Restricted access materials (RAMs) are solid sorbents that exclude the access of macromolecules to the surface binding while the low molecular weight particles are selectively retained (Kole, Venkatesh, Kotecha, & Sheshala, 2011). The first silica-based RAM model was proposed in 1986, named as internal surface reverse-phase (ISRP) (Cook & Pinkerton, 1986). In 1991, the modifications on the surface of silica particles were successfully carried out and the concept of RAM was first introduced (Desilets, Rounds, & Regnier, 1991). From then on, various types of RAM have been developed, which can be classified based on the mechanisms how the large proteins are excluded from extraction (de Faria, Abrão, Santos, Barbosa, & Figueiredo, 2017; Souverain, Rudaz, & Veuthey, 2004). These special extraction methods allow automating sample preparation and on-line extraction followed by MS analysis using a RAM column.
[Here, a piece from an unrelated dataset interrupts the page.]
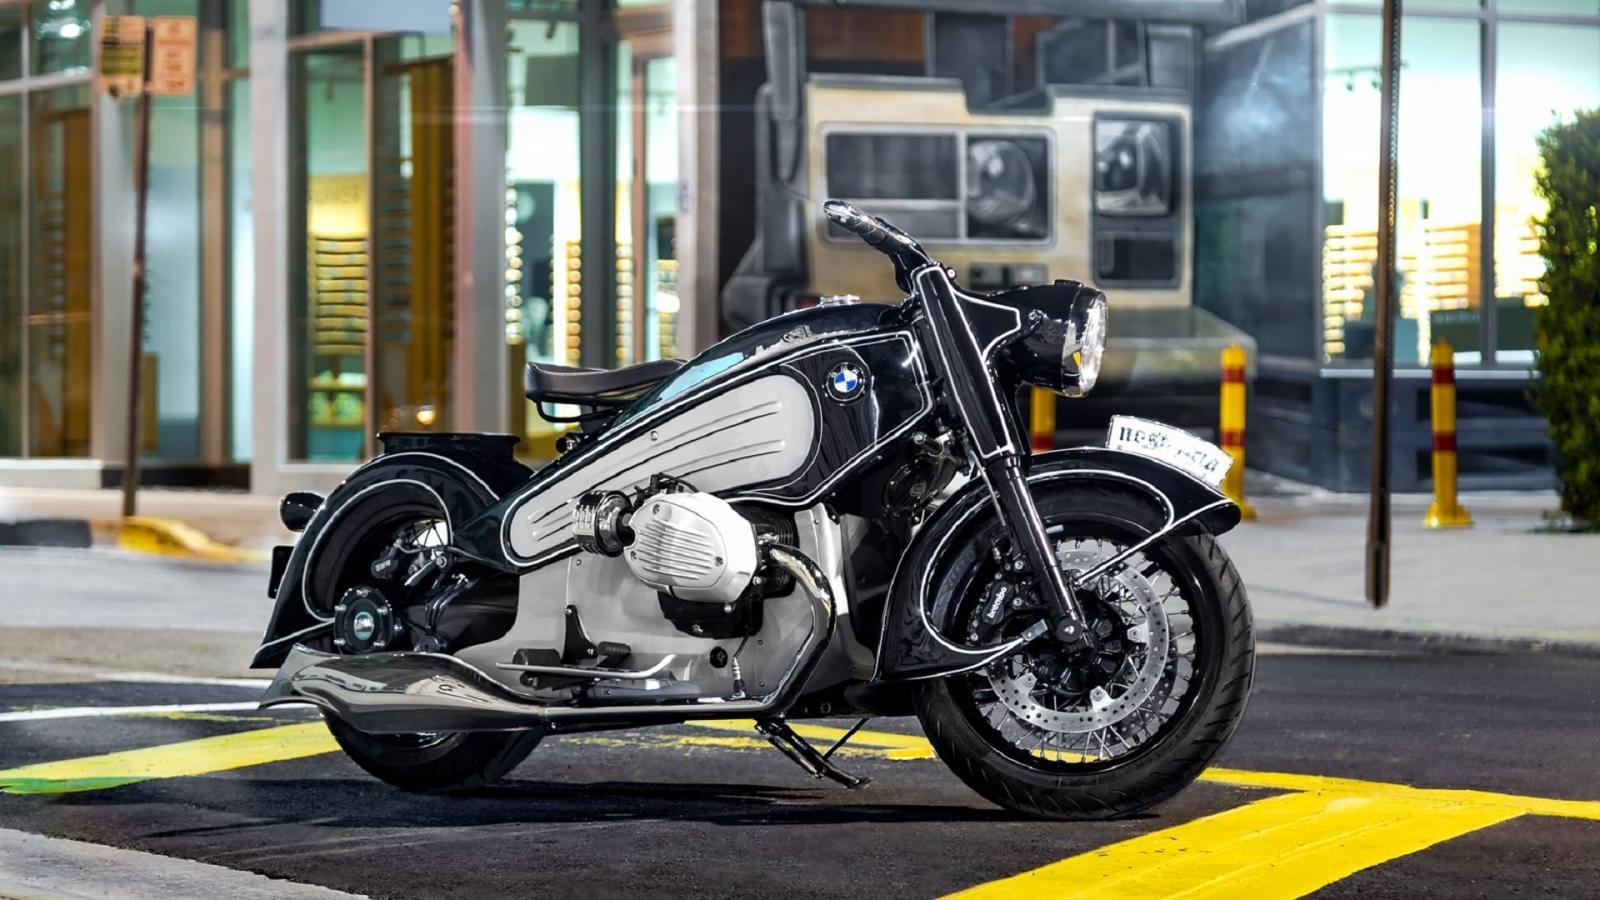 NMoto Nostalgia phát triển dựa trên mẫu BMW R nineT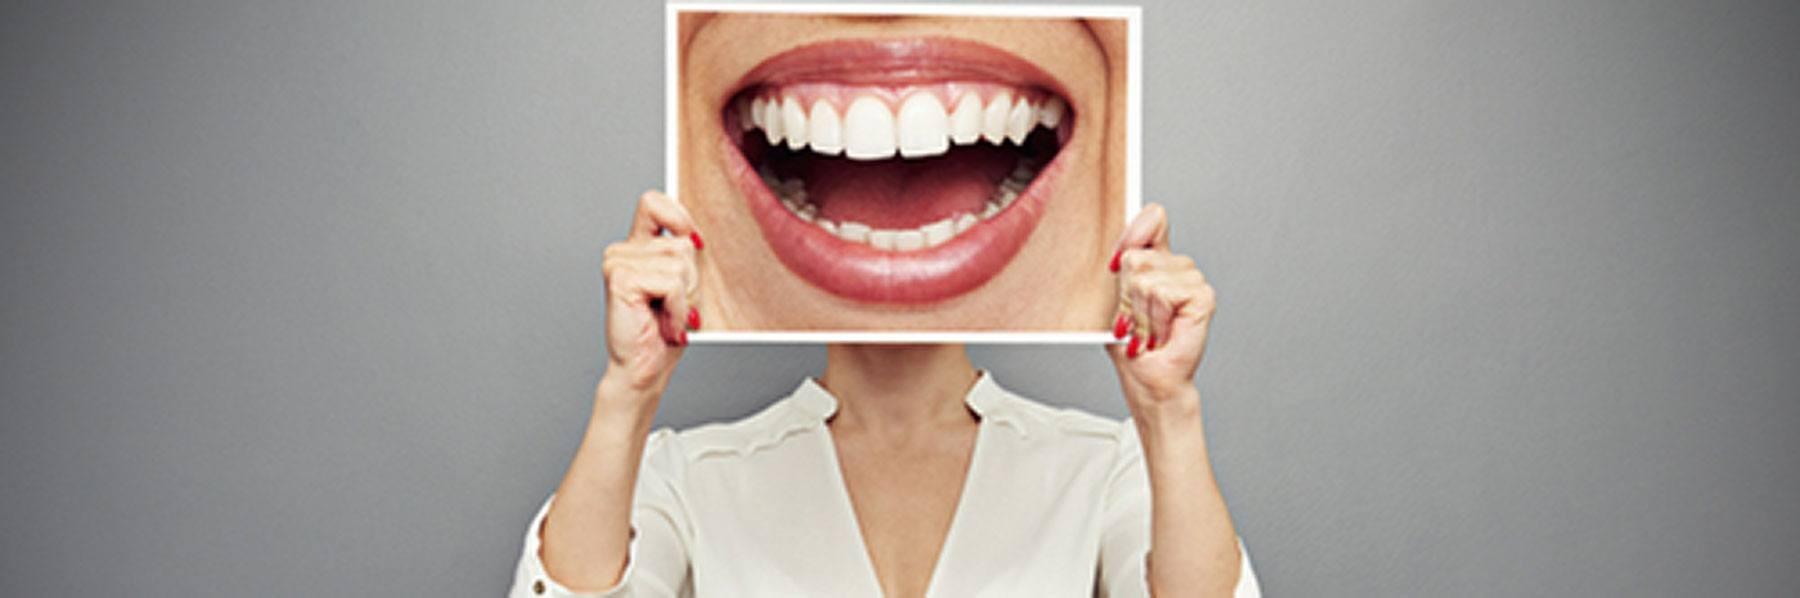 cosmetic-dentist

It enables simplified operation, high throughput and reproducible identification of peptides. Around 400 peptides were identified in 2μl human serum using one-dimensional separation and with the help of a SCX/SEC/RP-MS platform (Fig. 2); identifications of 1286 peptides were achieved by the on-line processing of 20μl of human serum (L. Hu, Boos, Ye, Wu, & Zou, 2009). The same group later exploited a more simplified system, constructed with one switching valve, two gradient pumps and one UV detector, to realize the on-line extraction, desalting and fractionation of peptides in human serum (L. Hu, Boos, Ye, & Zou, 2014).

Figure 2.

Schematic representation of the set up for the on-line extraction system and chromatographic principles of the bifunctional SCX/SEC-RAM for selective extraction. Solid line represents position for loading sample and dashed line represents position for separation. Adapted from (L. Hu et al., 2009) with permission.

2.5. Alternative Strategy - Magnetic beads

Magnetic bead-based technique is used in peptidome analysis due to its operation simplicity and high selectivity in peptide extraction (Safarik & Safarikova, 2004; Villanueva et al., 2004), especially when conjugated with antibodies (Whiteaker et al., 2007). Magnetic particles usually have affinity ligands or ion-exchange groups which interacts with isolated analytes. They can be directly mixed with crude samples followed by a period of incubation time for targeted compounds to bind with magnetic particles. The complex can be isolated from the sample using magnetic separators and finally the targeted molecules are eluted for further analysis. This effective peptide extraction method was also applied in tissue imaging using mass spectrometry, indicating that more peptides were detected with no compromise in localization information (T. Andrews, B. Skube, & B. Hummon, 2018).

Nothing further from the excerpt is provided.